British Prime minister Theresa May has asked the European Union for a short Brexit delay until June 30, 2019.
The British PM sent a letter to the EU on Wednesday to request an extension to Article 50, which she triggered on 29 March 2017 and gave the UK two years to negotiate its EU exit. The planned Brexit date, on 29 March 2019, is just 9 days away.
EU Commission President Jean-Claude Juncker told the German radio station DLF on Wednesday morning that he believed the EU might need another summit, in addition to the one planned this week, to agree on a possible extension.
France has sent strong signs suggesting it might veto a Brexit extension. "Our message on Brexit is clear: ratify the deal or leave without an agreement", the French foreign minister, Jean-Yves Le Drian, said on Wednesday. "If May cannot offer guarantees that her Brexit deal will be passed in the British parliament, the European Council will turn down her extension request."
The British parliament has twice voted down the exit deal Theresa May agreed with the EU in November, but May hopes to put it to another vote, possibly as early as next week.

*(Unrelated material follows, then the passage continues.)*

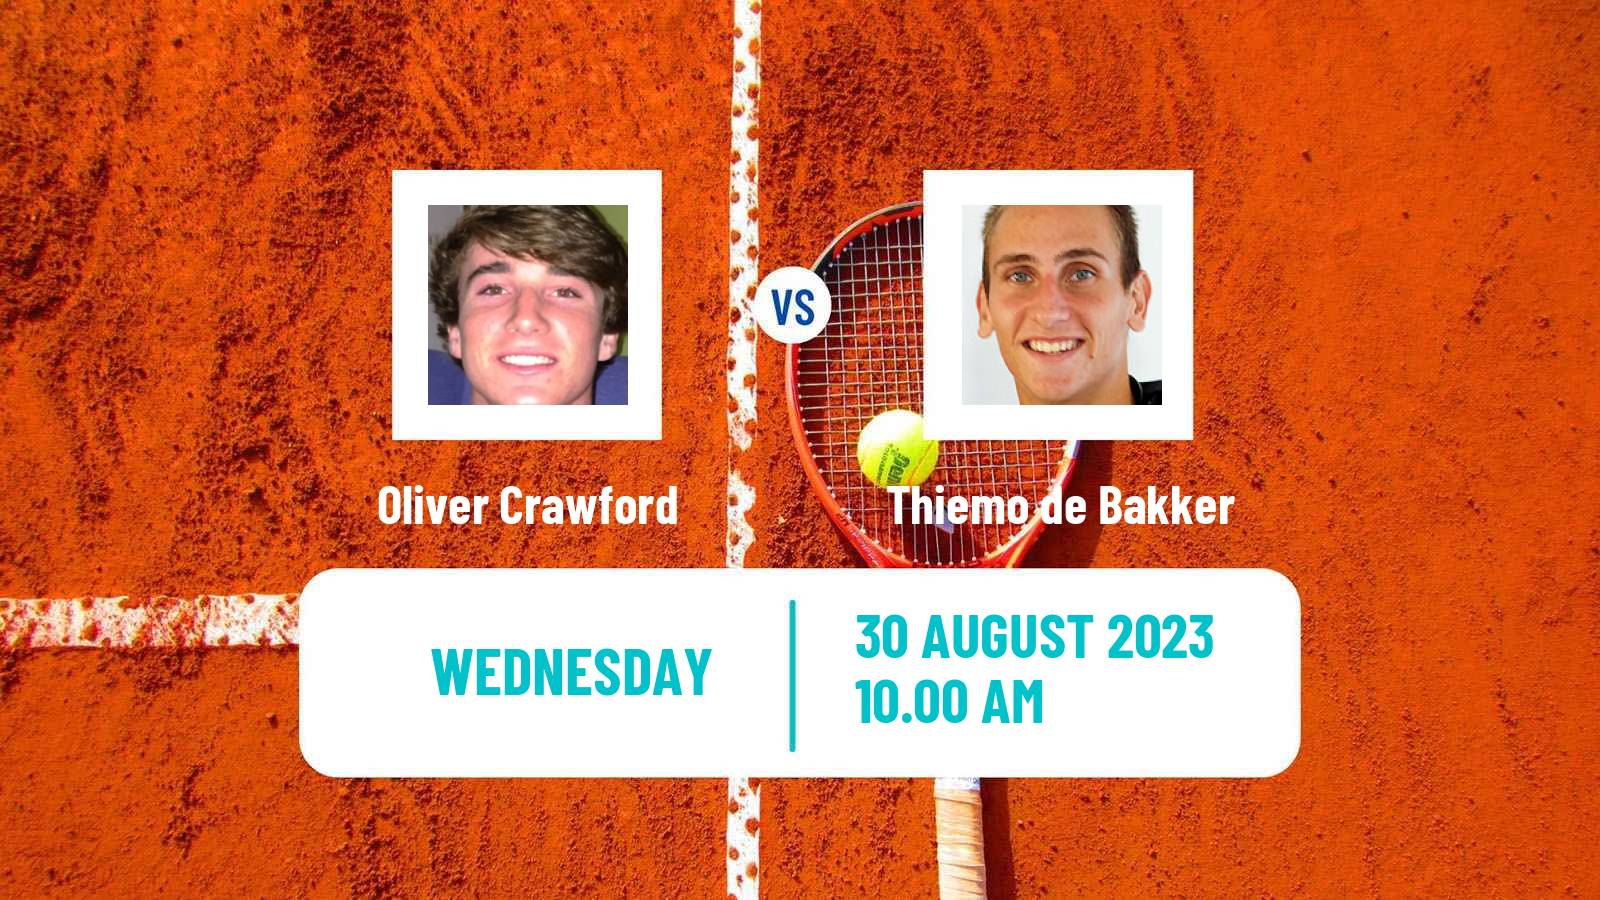 Tennis ITF M25 Oldenzaal Men Oliver Crawford - Thiemo de Bakker

She has warned that if parliament does not ratify her deal, she would ask to delay beyond June 30, a step that Brexit's advocates fear would endanger the entire divorce.
The former Conservative party leader Iain Duncan Smith told the BBC on Wednesday that a delay to Brexit will "create problems" and can only be possible if May can change her withdrawal deal.

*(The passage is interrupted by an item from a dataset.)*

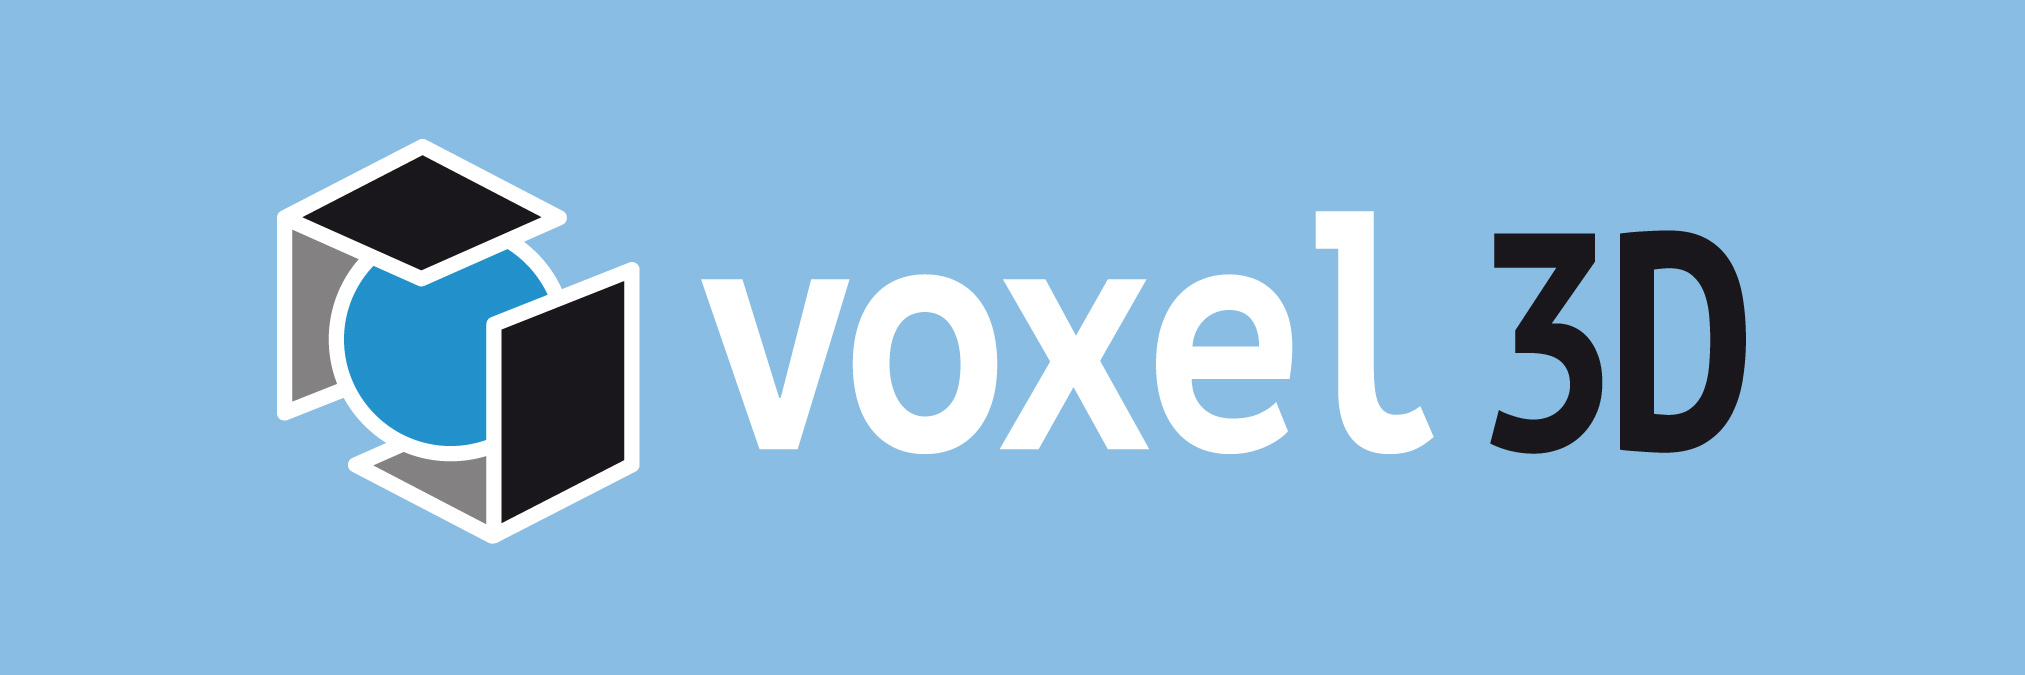 Voxel 3d

"Any delay creates a bow wave of problems, not just for the government here but for the governing party around the country," Duncan Smith said. "There is only one reason that would pass muster, and that would be because the agreement has to be changed... Any delay must be hinged around the idea of getting change to the deal, but any other reason simply doesn't work."
Andrea Leadsom, a senior minister in May's cabinet, said the UK would want to be out of the EU before it holds European elections in May. "It is absolutely essential we are out of the EU before the EU elections. It would be extraordinary for the people who voted to leave the EU to find us fielding candidates for these next elections," she told British radio broadcaster LBC.